Visual Studio Code Local Assistant#

Intro#

With the rise of AI PC capabilities, hosting own Visual Studio code assistant is at your reach. In this demo, we will showcase how to deploy local LLM serving with OVMS and integrate it with Continue extension. It will employ iGPU or NPU acceleration.

Requirements#

  • Windows (for standalone app) or Linux (using Docker)

  • Python installed (for model preparation only)

  • Intel Meteor Lake, Lunar Lake, Arrow Lake or newer Intel CPU.

Prepare Code Chat/Edit Model#

We need to use medium size model to get reliable responses but also to fit it to the available memory on the host or discrete GPU.

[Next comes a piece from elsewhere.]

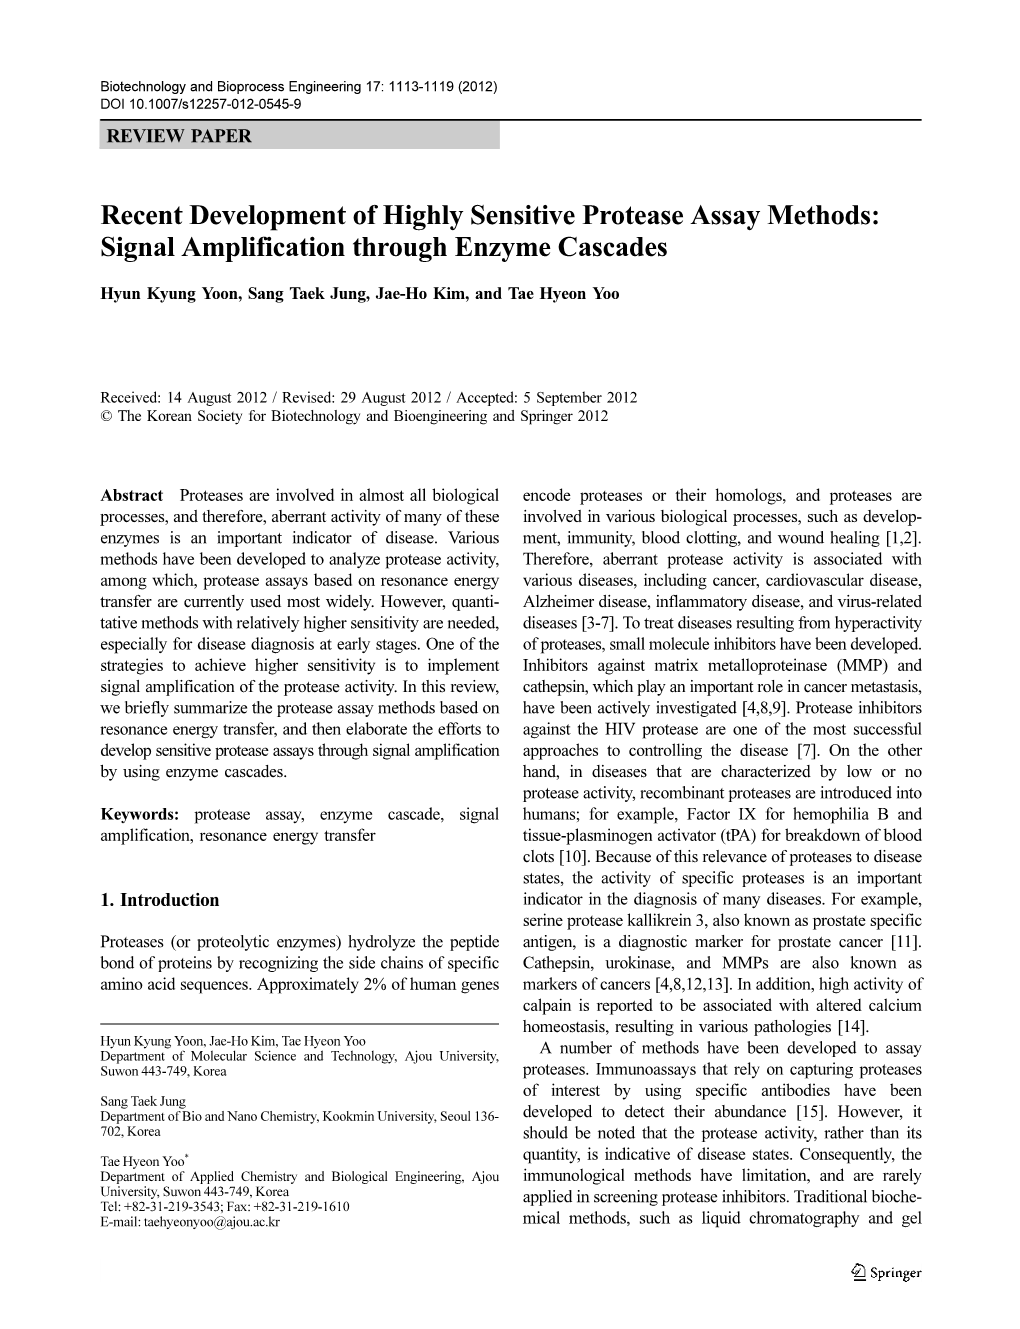 Recent Development of Highly Sensitive Protease Assay Methods: Signal Amplification Through Enzyme Cascades

Download export script, install its dependencies and create directory for the models:

curl https://raw.githubusercontent.com/openvinotoolkit/model_server/refs/heads/releases/2025/3/demos/common/export_models/export_model.py -o export_model.py
pip3 install -r https://raw.githubusercontent.com/openvinotoolkit/model_server/refs/heads/releases/2025/3/demos/common/export_models/requirements.txt
mkdir models

Note: The users in China need to set environment variable HF_ENDPOINT=”https://hf-mirror.com” before running the export script to connect to the HF Hub.

Export codellama/CodeLlama-7b-Instruct-hf:

python export_model.py text_generation --source_model codellama/CodeLlama-7b-Instruct-hf --weight-format int4 --config_file_path models/config_all.json --model_repository_path models --target_device GPU --cache_size 2 --overwrite_models

Note: Use --target_device NPU for Intel NPU or omit this parameter to run on Intel CPU

Prepare Agentic Model#

We need specialized model that is able to produce tool calls. For this task we will use Qwen3-8B quantized to int4. We will use automatic pulling of HF models, so export script is not required.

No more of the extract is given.